This week, we welcome guest blogger, Ani Sarkisian. Ani is an American writer currently based in Dublin.
I had such plans for the holiday season. You know what I mean: the careful shopping, the tasteful decorating, calm evenings making crafts and baking Christmas cookies with the baby and listening to old Christmas records. Or maybe finally watching The Wire or something.
Alas, it was not to be: my kid and my parents were all knocked down with the flu for a week and a half. Once I was able to surface from the laundry and the soup and the tea and the disinfectant nothing was baked, I had mere days to shop (colouring books! For EVERYBODY), and we were lucky we got a tree. But goddamnit, my mom says there are 12 days of Christmas, and it’s STILL the holiday season, and there’s still time for cookies! And in my house, Christmas cookies mean one thing: Saucepans and the Single Girl.
Did you have this book in Ireland? Written by Jinx Kragen and Judy Perry, first published in 1965, it is – to use the vernacular of the period – a scream. Two career gals in the big city having a blast. It’s what I would imagine Carol Burnett and Mary Tyler Moore would be like if they shared an apartment, kept pre-mixed martinis in a jug in the fridge and tried their hands at adding water to soup mix and ladling it over pork chops (Onion-Glazed Pork Chops, page 105).
There some real gems in this cookbook, and a lot of it is actually very practical. Their entertaining shortcuts are flawless:
“Braggarts Homemade Bread: Scrounge around the frozen-food department of your local supermarket until you find a loaf of unbaked frozen bread. Take it home and read the directions. Then follow them. And seal your lips forever to the fact that you didn’t grind the wheat yourself and bake it on your own humble hearth.”
They may have been the first to extol the virtues of hosting a brunch:
“There is also the obvious advantage that no one is really awake and so they won’t be too critical of your culinary efforts.”

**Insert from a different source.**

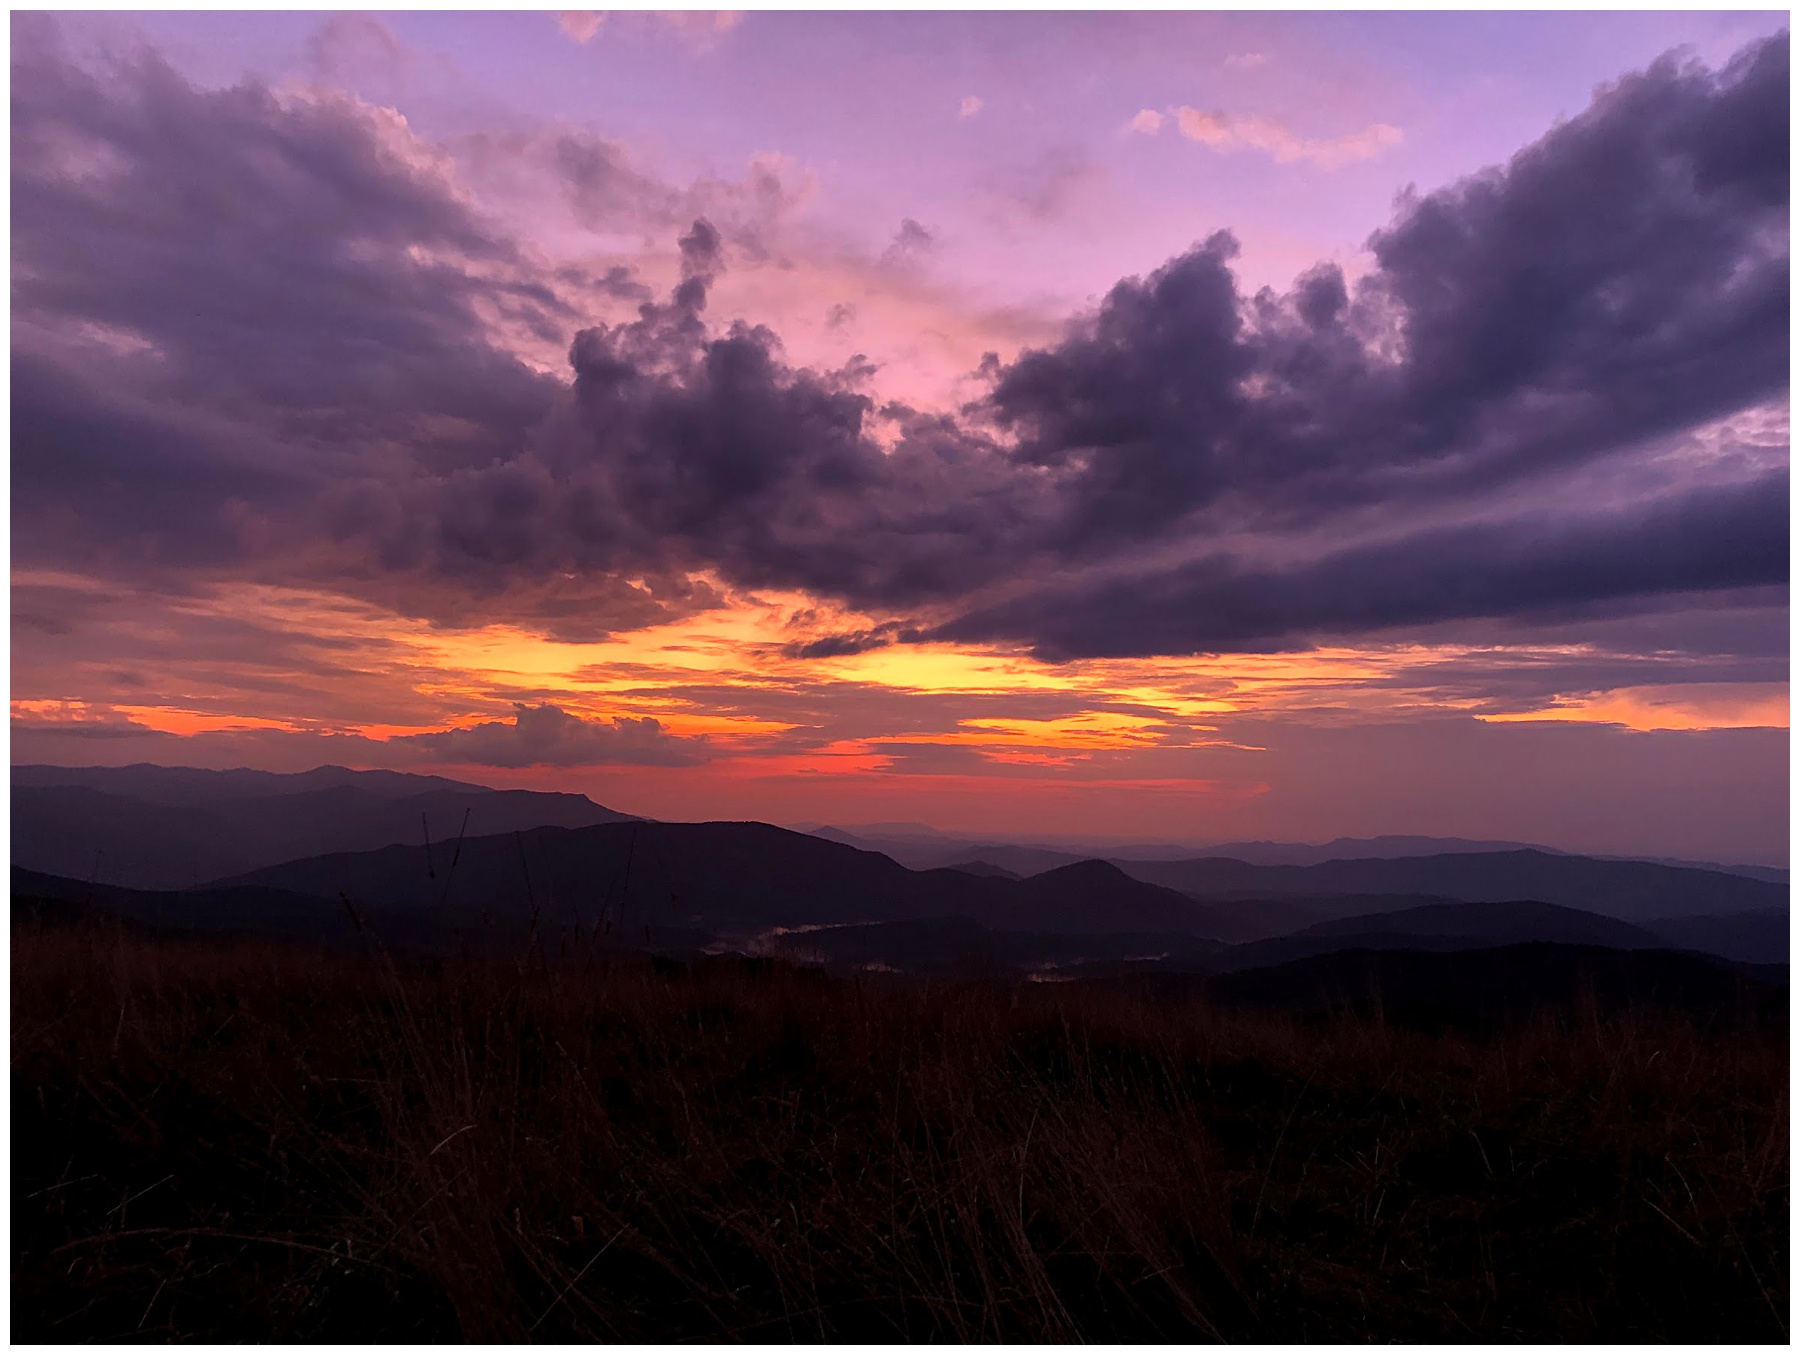 Sunset over Smoky Mountains from Max Patch

And they’re really gutsy about shrimp:
“Add lemon juice, cover, and cook for about 5 minutes, or until you get bored.”
There are moments of “how to catch that man” in there; after all, the dedication is: “For Ken, who yielded to Stroganoff and for Jack, who succumbed to lasagne,” but I think it’s way more about wisecracking young ladies living alone for the first time and making a MESS in the kitchen. Who can’t relate? Until I lived all by myself I never cooked, I was too embarrassed to let anyone else witness or endure my experiments. I once spent a good week eating nothing but scrambled eggs, trying to perfect my technique.
My mom first started cooking when she left home, too. This is the first cookbook she ever bought, when she was just starting out in a tech company in Boston in the 60s and living with her best friend. This book is from a time when a manhole cover used as a coffee table was the most glamorous thing my mom had ever seen (she still talks about it). It’s from a time when women would legit wake up and say “I’m going to wear my wig today,” and would roll into work wearing one. I FOUND my mom’s old wig in the attic, you guys; it’s awesome.

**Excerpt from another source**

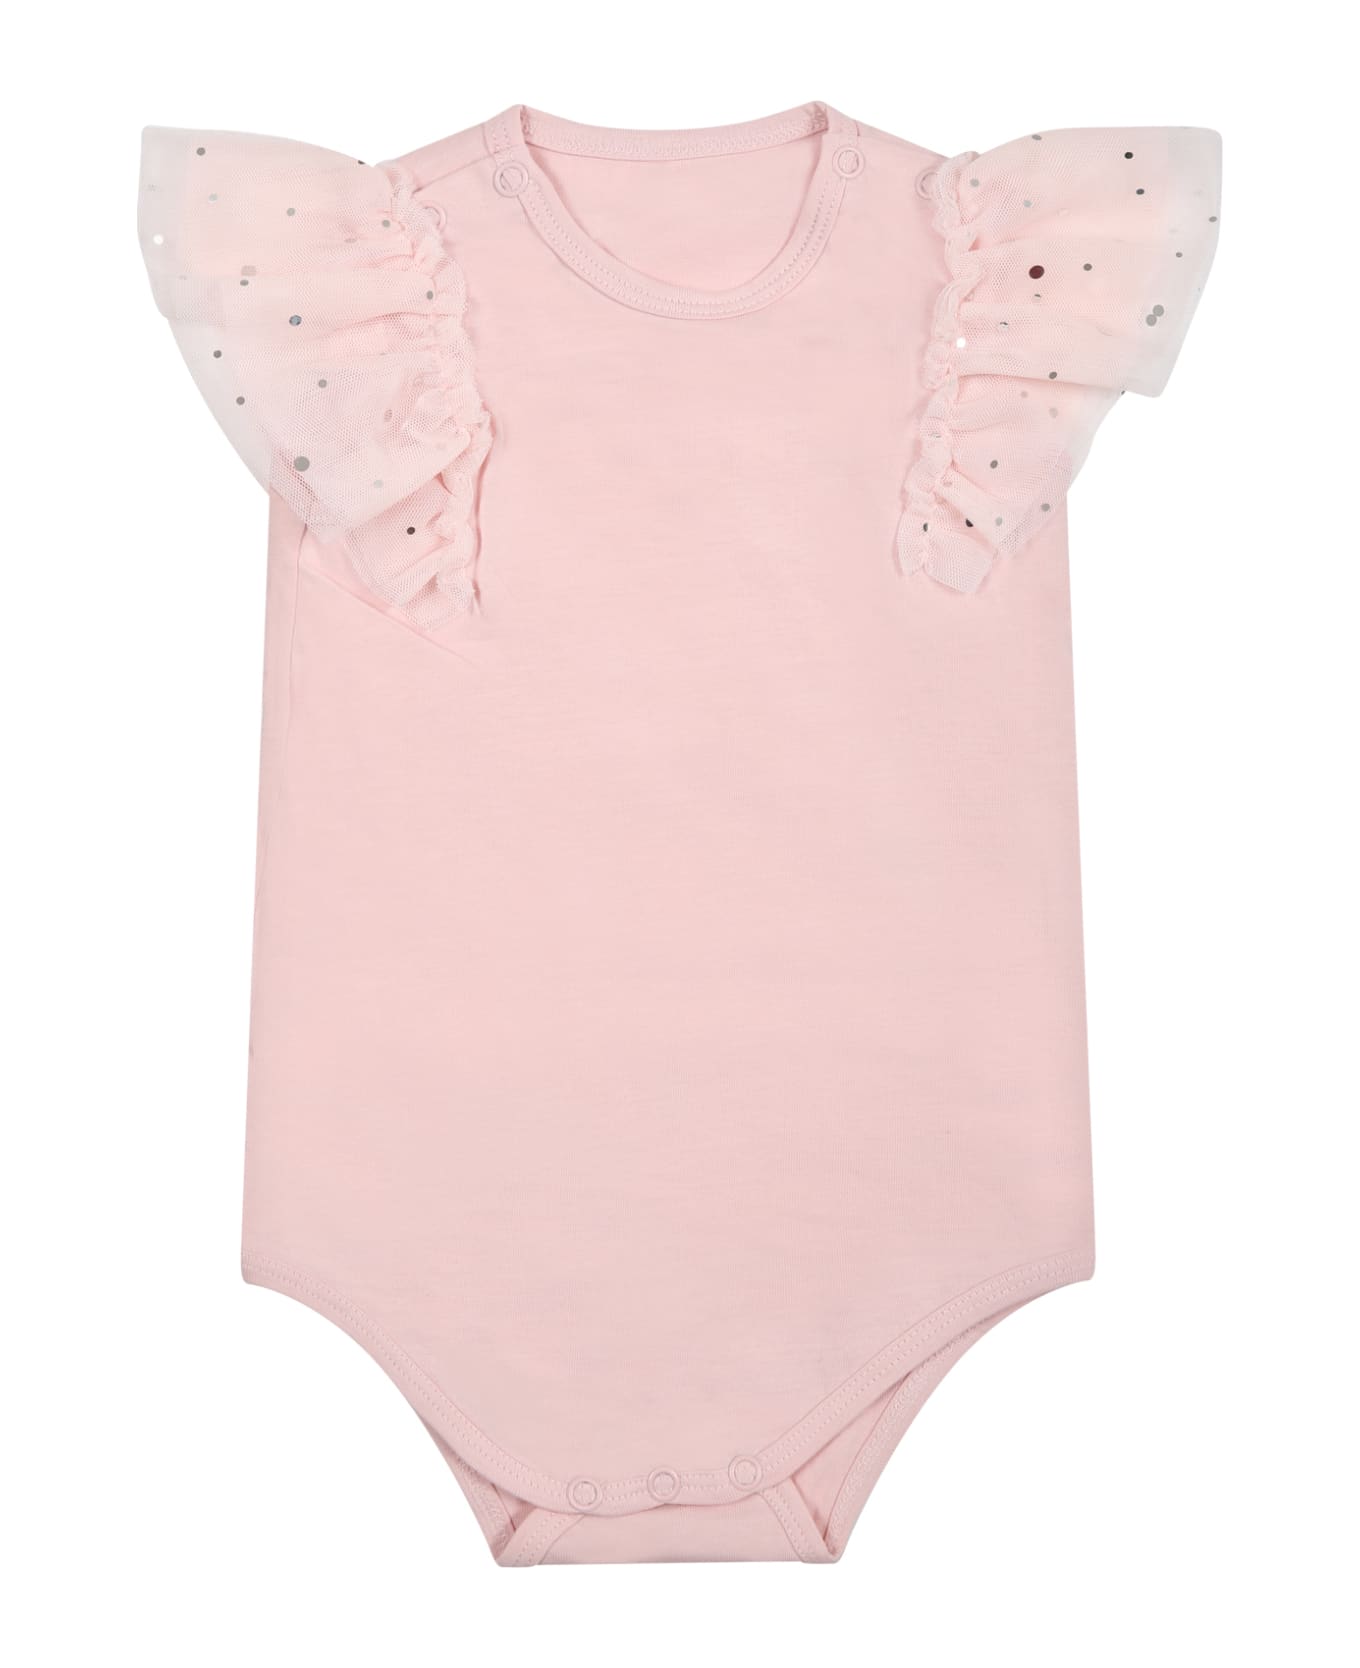 Stella McCartney Kids Pink Bodysuit For Baby Girl With Sequins - Pink

My mom’s been making these cookies since 1965; they’re a Christmas tradition in our house. Now that most of the holiday panic has passed, make them and enjoy them at your leisure. Please study the authors’ note at the end, it’s a hoot.
Noëls
Ingredients:
⅓ cup soft butter
1 tsp vanilla extract
¾ cup light brown sugar
1 egg
1 ¼ cups sifted flour
½ teaspoon salt
¼ teaspoon baking powder
½ teaspoon baking soda
½ cup sour cream
36 pitted dates
36 walnut halves
icing
Directions:
Cream butter and vanilla; gradually beat in sugar. Add egg and beat well. Sift dry ingredients and add alternately with sour cream. Stuff dates with walnut halves and roll in dough. When well covered, drop from a fork on well-greased cookie sheet. Bake in a hot oven (400 degrees F) about 10 minutes. When cold, spread with icing. Makes about 3 dozen.
Icing: Melt 2 tablespoons butter, blend in 1 cup confectioners’ sugar, 1 teaspoon vanilla, and 1 tablespoon cream.
If you have a friend who is defending our country on a far-distant shore, for heaven’s sake don’t send him these. He’d wind up with a box full of crumbs. Besides, he’d much rather get the latest issue of Playboy.